# [SOLVED] Xbox 360 Controller Issues



## VampireBacon (Jan 8, 2012)

Hi I just got a xbox 360 controller to use with a few games that I play, Assassin's Creed 2, Dead Space 1 & 2, and L4D 1 & 2. Now while playing the games with the xbox controller the game will randomly minimize. I know it is the controller since when I am using the mouse and keyboard the games do not minimize. Would love a assist.


----------



## RockmasteR (Aug 10, 2007)

*Re: Xbox 360 Controller Issues*

Hello and welcome to TSF




> On some machines the Windows Xbox 360™ gamepad drivers will force a program called XBoxStat.exe to run.

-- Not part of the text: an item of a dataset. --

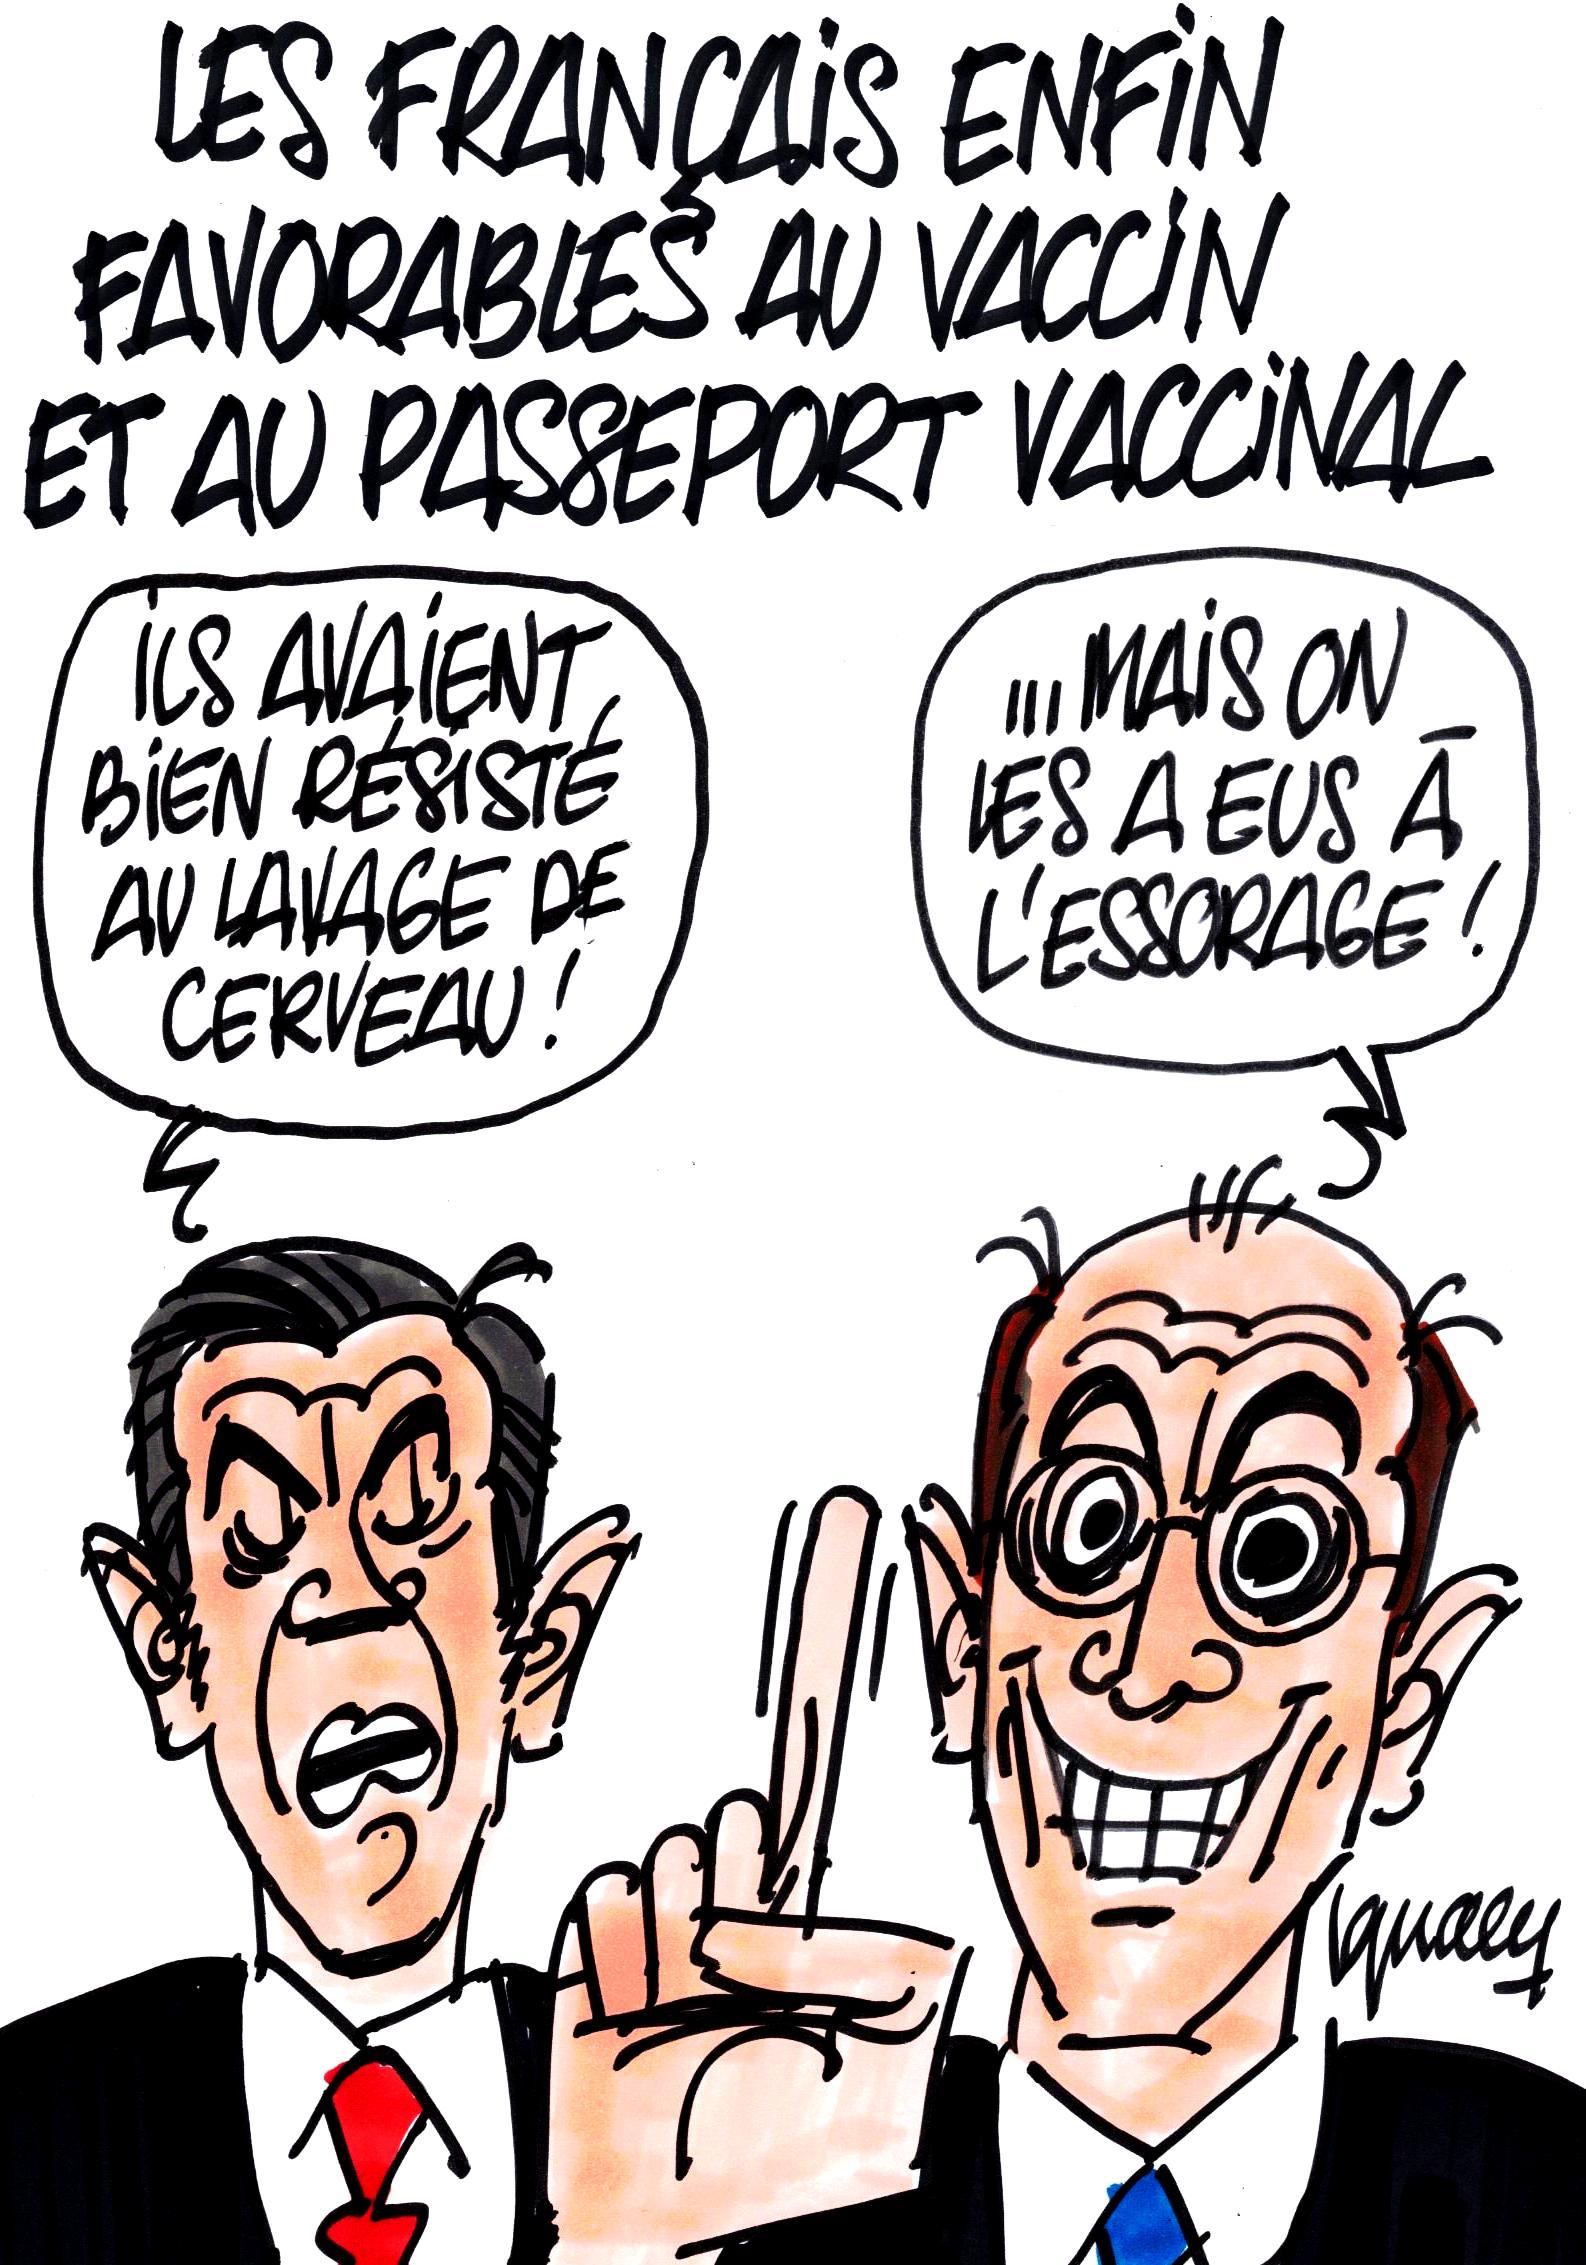 Ignace - Les Français valident le vaccin et le passeport vaccinal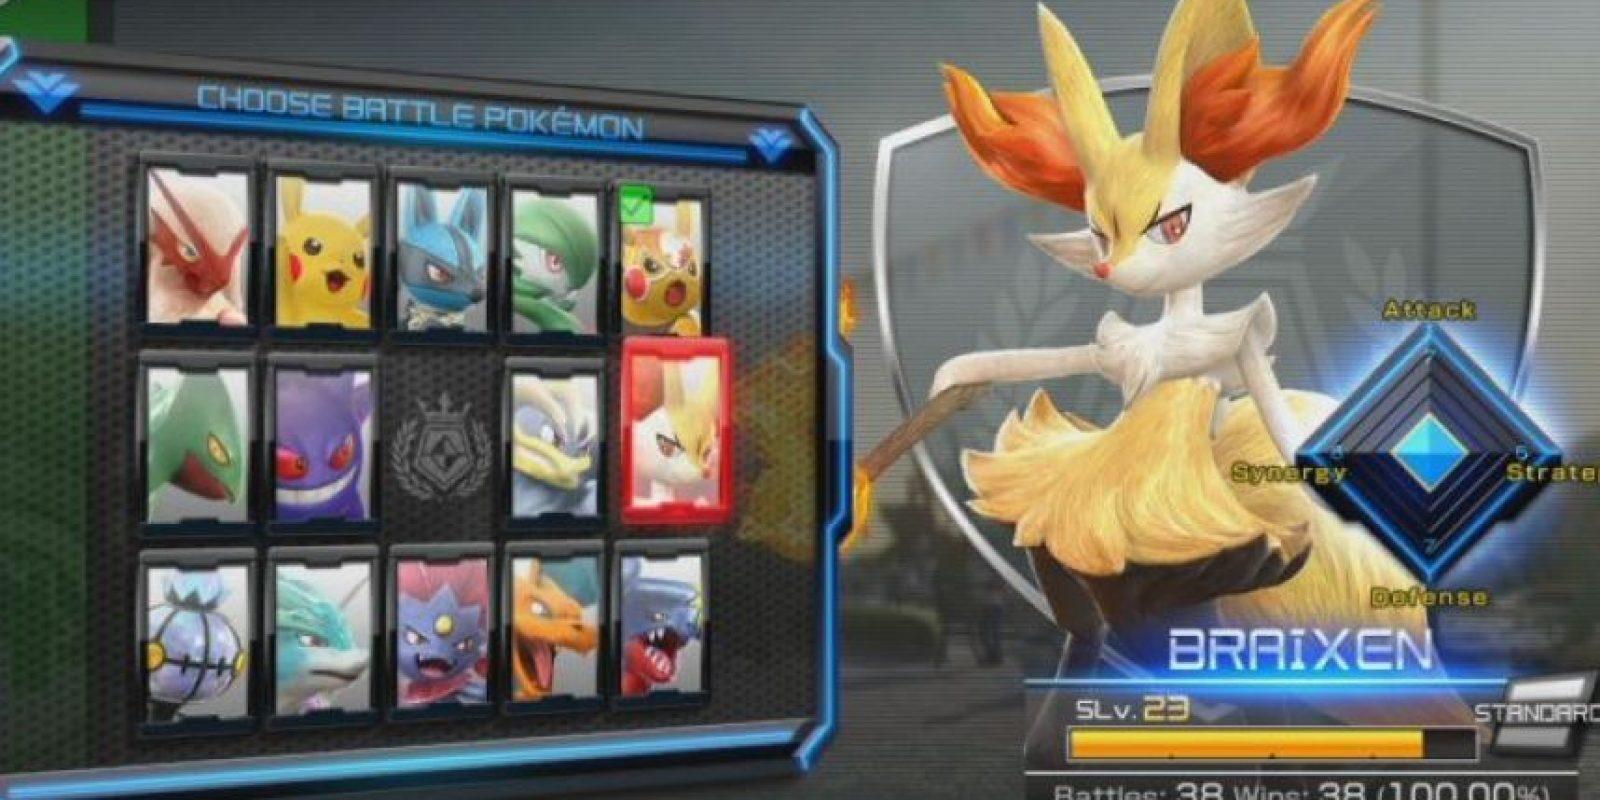 El videojuego está disponible solo para WiiU. Foto:Bandai Namco. Imagen Por:

On most systems this will not cause a problem while playing some games. However, on some systems this program will force a game to minimize and prevent you from re-entering the game. You can turn XBoxStat.exe off by pressing Ctrl-Alt-Del and selecting Task Manager. From the Processes tab select XBoxStat.exe to highlight it and select End Process. Once the program is turned off you can re-enter the game. On some systems the machine will need to be restarted. If XBoxStat.exe launches again, and forces the game to minimize, simply repeat the steps above.


----------



## VampireBacon (Jan 8, 2012)

*Re: Xbox 360 Controller Issues*

It is fixed it turned out I just needed to restart my computer.


----------



## RockmasteR (Aug 10, 2007)

*Re: Xbox 360 Controller Issues*

glad to see you fixed your problem
enjoy your games!


----------



## dldishner (Aug 13, 2014)

I was having the same issue. I recently solved it for my personal situation. The problem was that Windows Error Reporting was getting errors from Intel Smart Connect and possibly other applications running in the background. I disabled the Windows Error Reporting service and have not seen the problem for over 2 hours of play time. Previously it had been about every 5 minutes.


----------